We have obliterated the stars with our artificial light – but perhaps we’ve blinded ourselves, too. Without the wonder, the greatness of the galaxies in our sight, we’ve lost the ability to believe in, or expect, miracles.

When you cannot see the glory of God’s creation, how can you wish to glorify the Lord? No longer seeing anything greater than ourselves, we turn inward, we worship our own thoughts, our invention, our desire.
More good stuff at the link.  Love the Anchoress!

Monday, December 21, 2009

‘Yes’ and ‘No’

“Jesus’ announcement of the gospel constitutes a resounding ‘yes’ to his good creation and at the same time a decisive ‘no’ to the sin that has perverted it.”

- M. Goheen and A. Wolters, Postscript to Albert Wolters Creation Regained (Grand Rapids, Mi.; Eerdmans, 2005), 121.

Hat Tip: Of First Importance

("Of First Importance" really is a fantastic web site.
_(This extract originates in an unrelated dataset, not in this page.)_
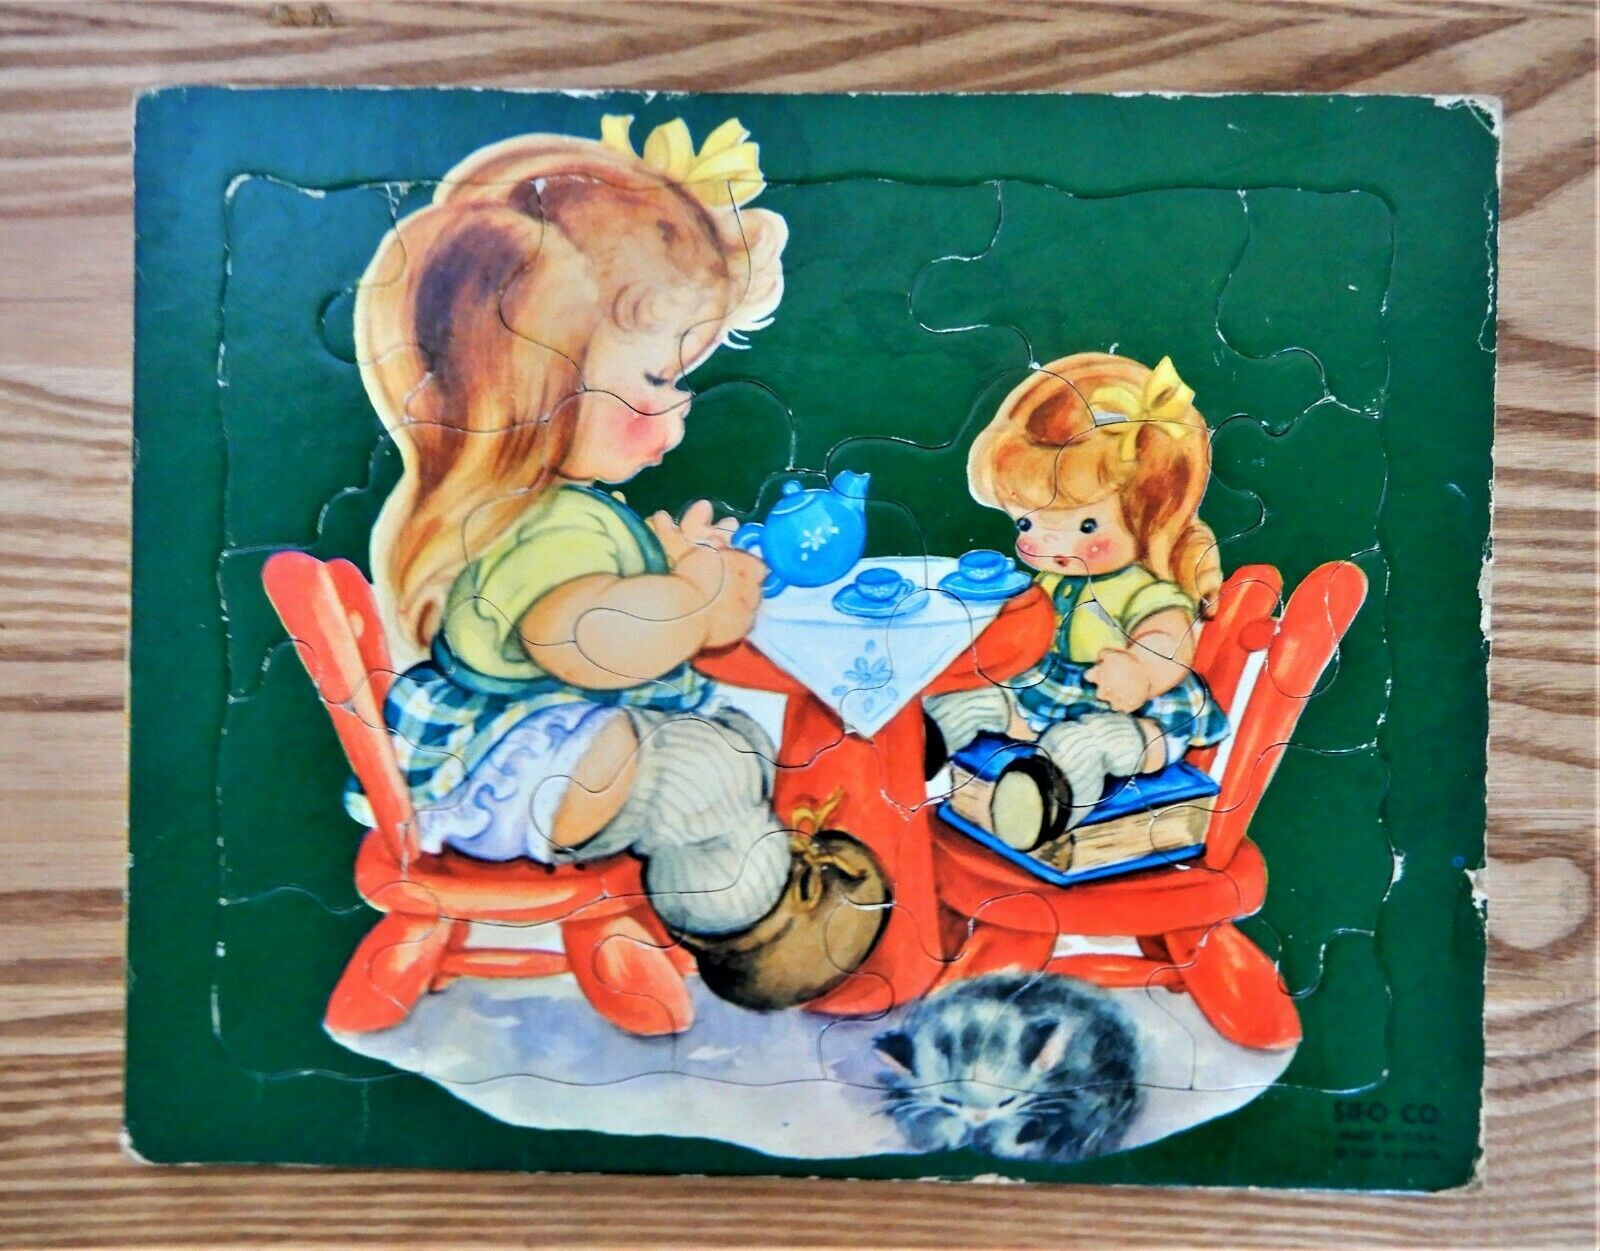 1961 Sifo Co Child & Doll Tea Party Preschool Inlaid Jigsaw Puzzle Made in USA - $15.00

If you are not reading it regularly, I recommend you start.)

Sunday, March 22, 2009

God's Work of Art

“Every atom in the quadrillion-mile universe and every ‘chance’ event in its trillion-year history is deliberated and perfectly planned and controlled by God for the ultimate end of our good, our heavenly joy. Galaxies revolve and dinosaurs breed and rain falls and people fall in love and uncles smoke cheap cigars and people lose their jobs and we all die—all for our good, the finished product, God’s work of art, the kingdom of Heaven.”